If you are reading this, you might be wondering if you need couples counseling. I’m not here to say you do or don’t. Only you can decide that. But having experienced couples counseling myself, I would say that EVERYONE can benefit from it, even if they don’t necessarily need it. Let’s set aside the question of need for a moment and ask these questions instead:

  • Can couples counseling help me better enjoy my life and my relationship?
  • Can it help me understand my partner, and why he or she thinks, feels, and acts the way they do?
  • Can it enrich us on our journey and strenghten our bonds?
  • And can it do all this while helping us feel more independent and more secure in who we are as individuals?

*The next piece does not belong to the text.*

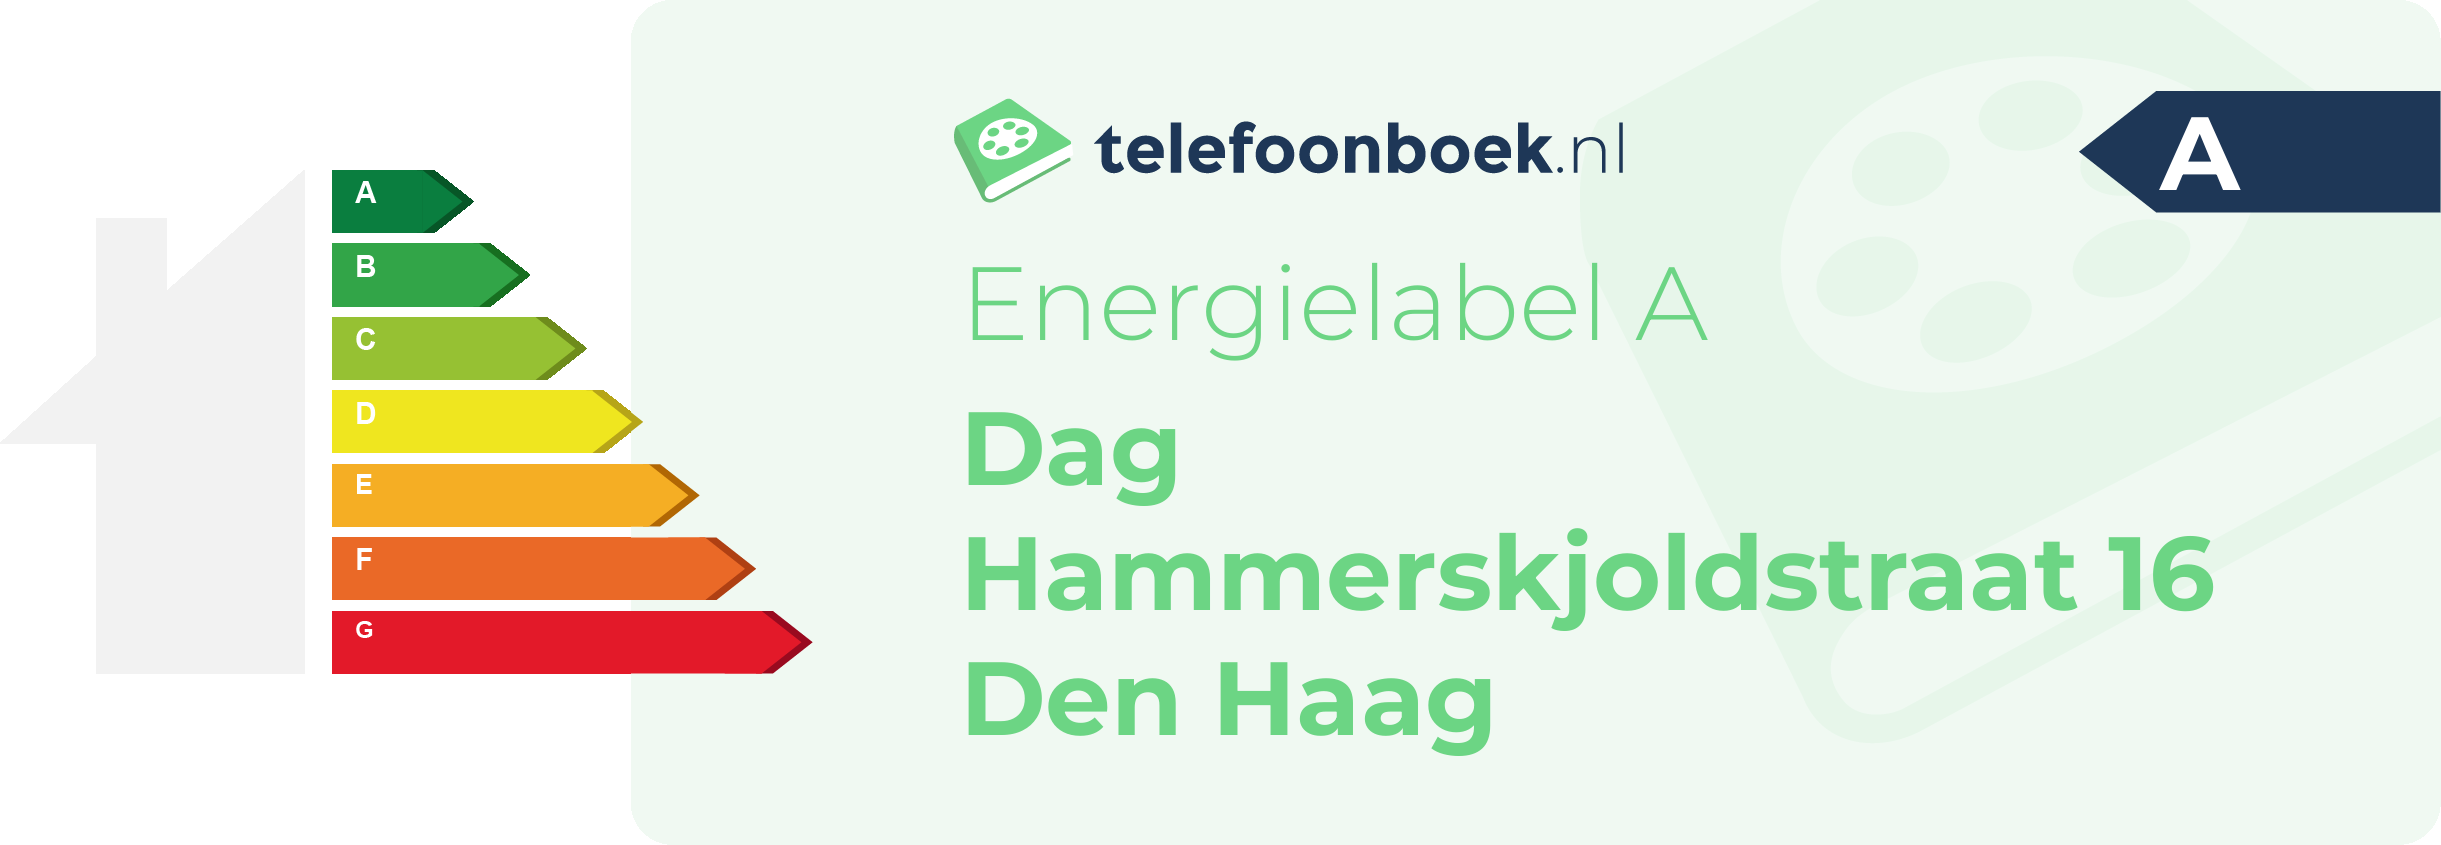 Energielabel Dag Hammerskjoldstraat 16 Den Haag

The answer to all the above is yes yes and more yes.

 

Other practical reasons to consider couples counseling…

  • Rebuilding trust. It’s often said that after an affair, your previous relationship is over. You must now choose to build a new one together. Most couples need help with this.
  • Overcoming trauma, grief, or loss of a loved one.
  • Pre-marital counseling. After the marriage, many couples enjoy a honeymoon. And all couples experience a honeymoon period. A time where everything is magical and fun, and passion is overflowing. But over time, life has a way of chipping away at the magic and the fun. There comes a point when we have to be intentional about growing the relationship as opposed to allowing it to whither.
  • Life transitions. Getting married, getting engaged, relocating, retiring. Starting a family, kids starting school, kids entering teen years, leaving the nest, getting married, etc. Grandkids! Family members passing. Any of these can upset the balance of the family system. Sometimes they require significant adjustments.
  • Communication problems. Probably the most common reason couples seek counseling.
  • Concerns with sex life.
  • A general feeling that you’ve grown apart
  • Preventing a divorce. There are four key indicators that one might be coming. And there are things that can be done about it.
  • Facilitating divorce. When one or both partners might not want to continue the relationship, an amicable separation is in everyone’s best interest. Especially when kids are involved.